Коля, или Николай Афанасьевич Бабушкин, приехал из Свердловска со взрослым сыном Олегом, они оба в эти дни много фотографируют, записывают, стараются увидеть, услышать, запечатлеть все, что можно.
Заречный опять возвращается к судьбе Роби Тислера. Он ошеломлен, изумлен своей находкой, встречей в поселковой школе, где в саду на обелиске высечено имя нашего бывшего десантника.
— Ты его когда-нибудь встречал после войны? Что-нибудь слышал о нем? — спрашиваю я.
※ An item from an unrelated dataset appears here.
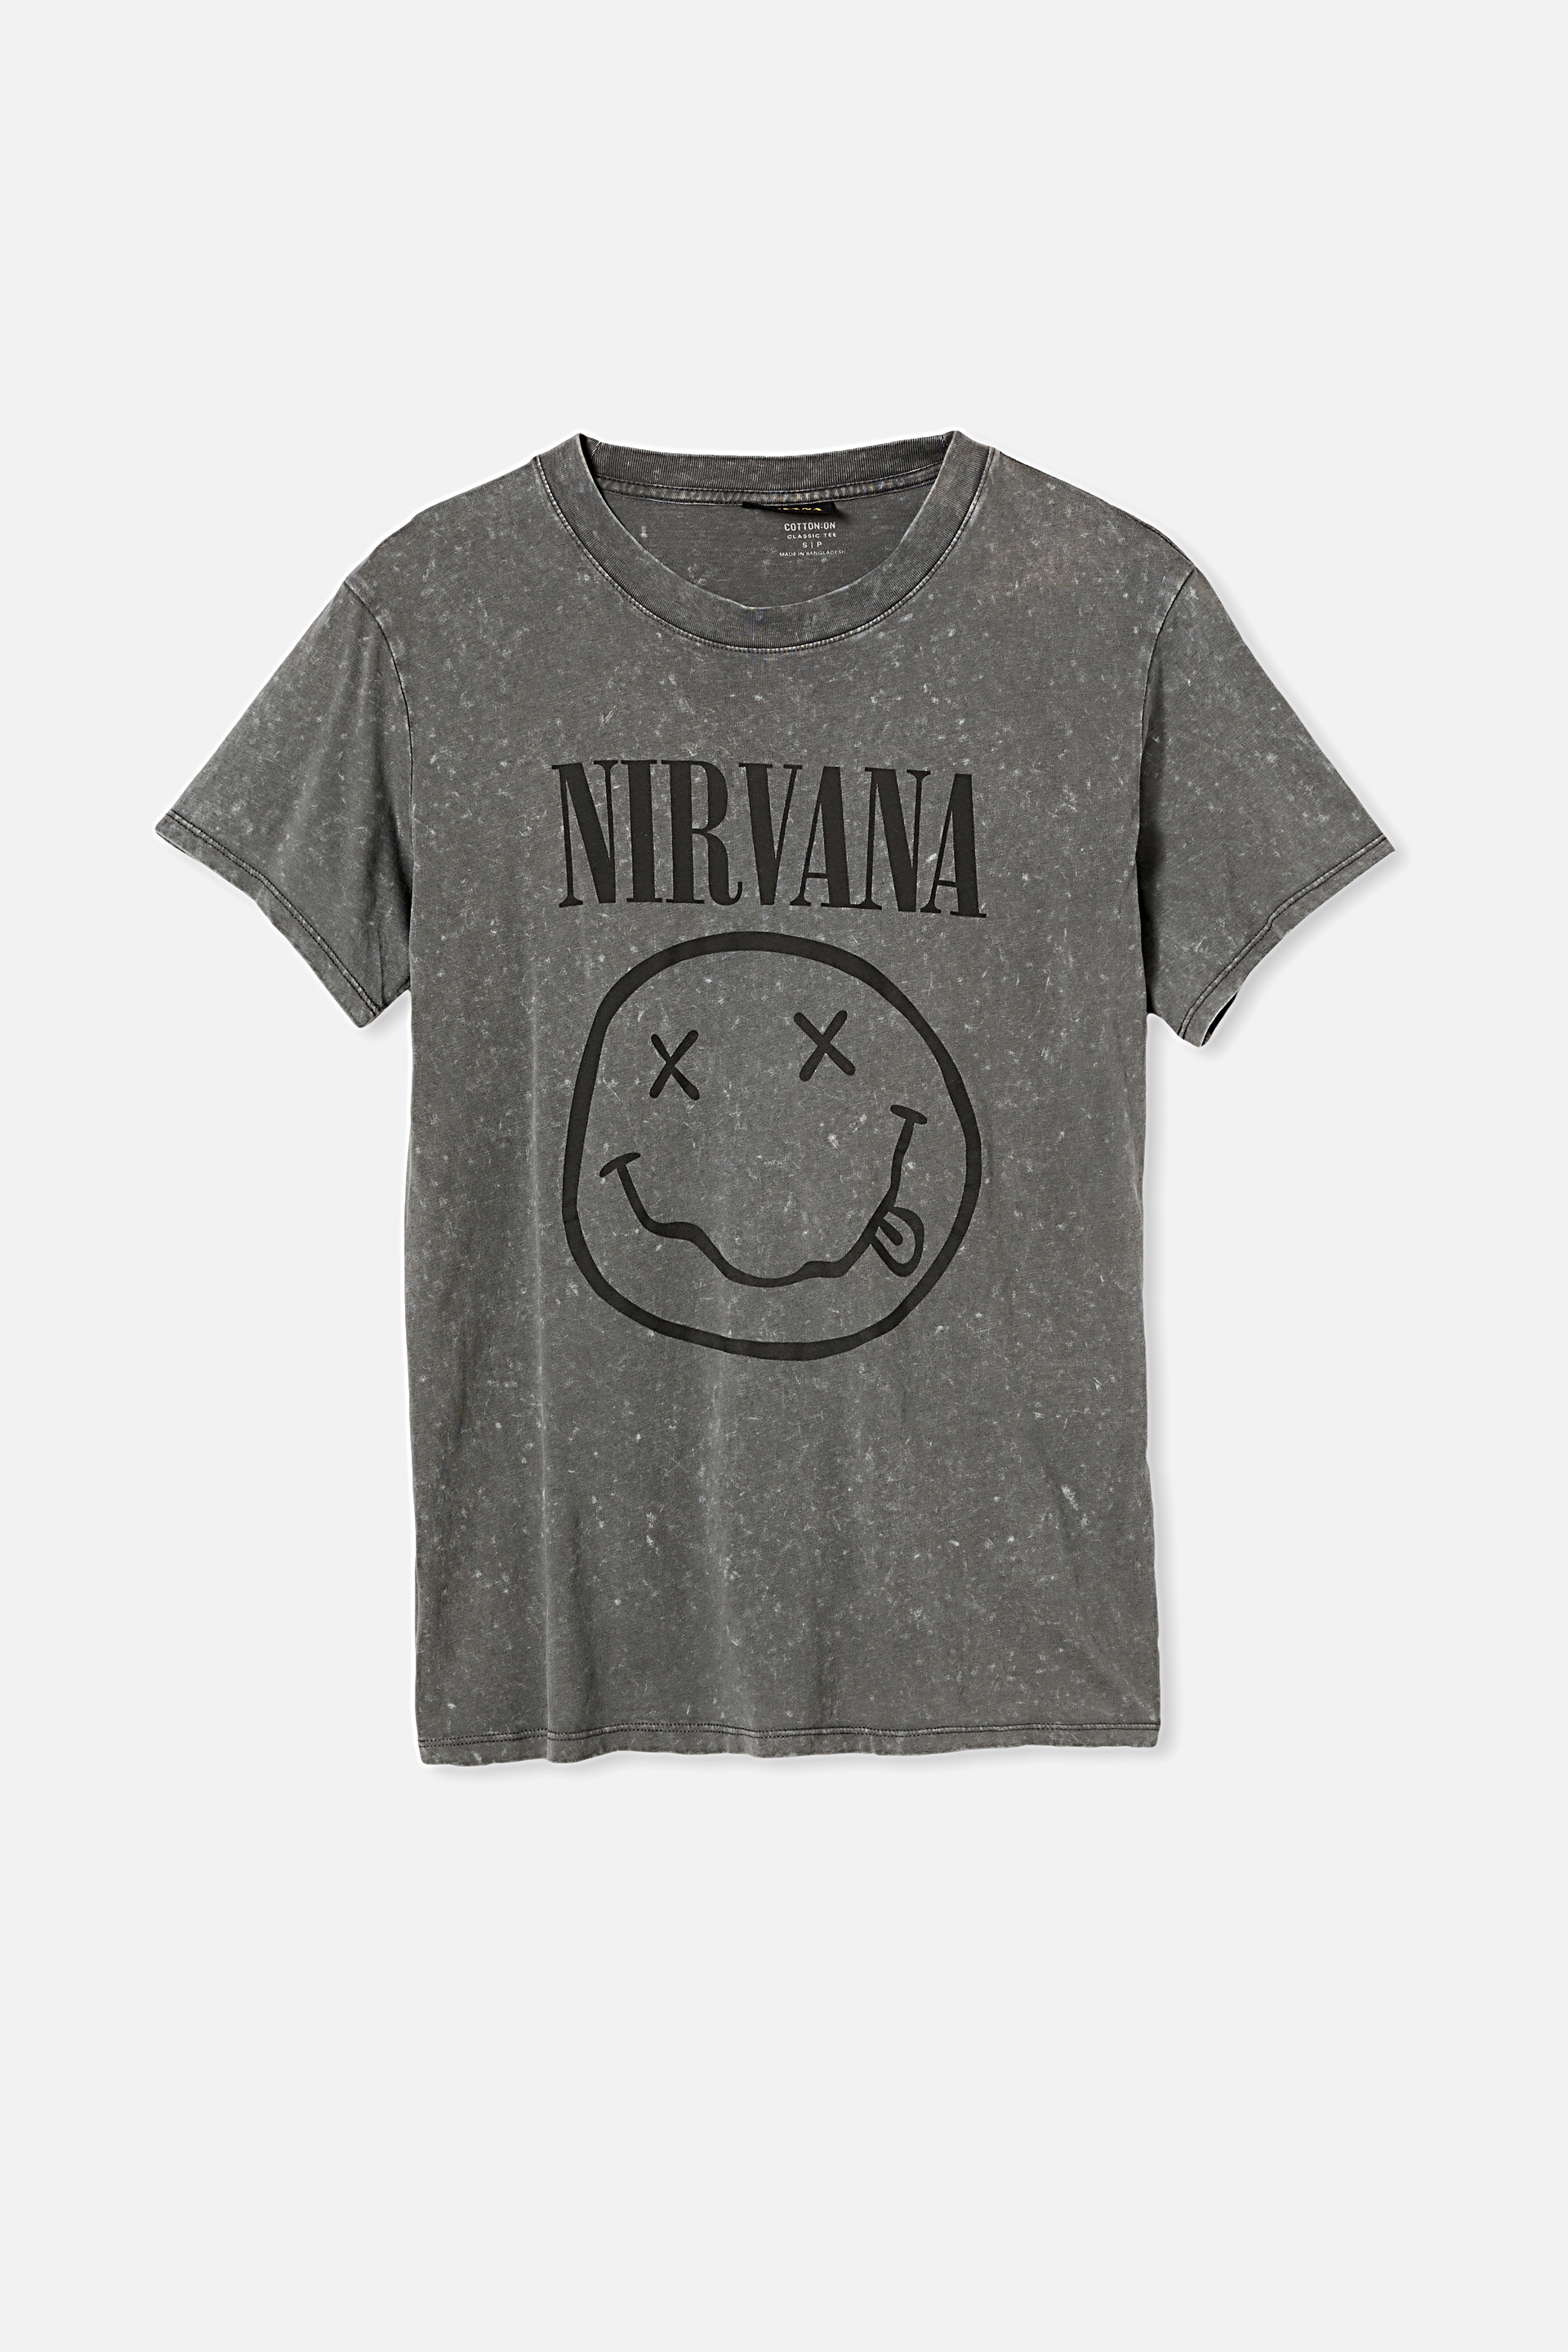 nirvana t shirt cotton on

— После войны — нет. А вот в сорок четвертом в Выборге, вскоре после взятия города, встретил. Командир взвода, две звездочки на погонах. Завел меня в дом, где его взвод был расквартирован. Вместо нар — кровати, славяне отлично устроились. Какая-то финская часть стояла до них. Приволок ворох всякой писчей бумаги — такой белизны, что я раньше и не видывал. Без линейки и в линейку: сверху красная жирная черта с тоненькой, а ниже — еле заметные линейки, так красиво смотрятся. Заставил меня взять для экипажа кипу… Мечтал поскорее в Эстонию попасть. Никогда там не был, только по рассказам родителей знал — Таллин, Тарту, Хаапсалу… Надеялся еще разыскать отца с матерью. Если не погибли, то в советском тылу где-нибудь работают. Так говорил. По секрету сказал, что его часть на днях возвращают под Нарву, к Синим горам. С тем мы и попрощались. «Встретимся в Таллине, у Кадриоргского дворца — приходи! Или в Берлине, у канцелярии Гитлера, на Унтер-ден-Линден!» Он почему-то представлял, что фашистский фюрер обитает именно на Унтер-ден-Линден…
Сын Коли Бабушкина сфотографировал нас втроем на скамейке в школьном саду. Коля ходил взволнованный и гордый тем, что приехал на эту необычную встречу со своим продолжателем и наследником, — танкист-мальчишка из сорок второго, сын сейчас наполовину старше его тогдашнего. Впрочем, у нас с Заречным тоже были уже внуки, их фотографии мы демонстрировали тут не раз!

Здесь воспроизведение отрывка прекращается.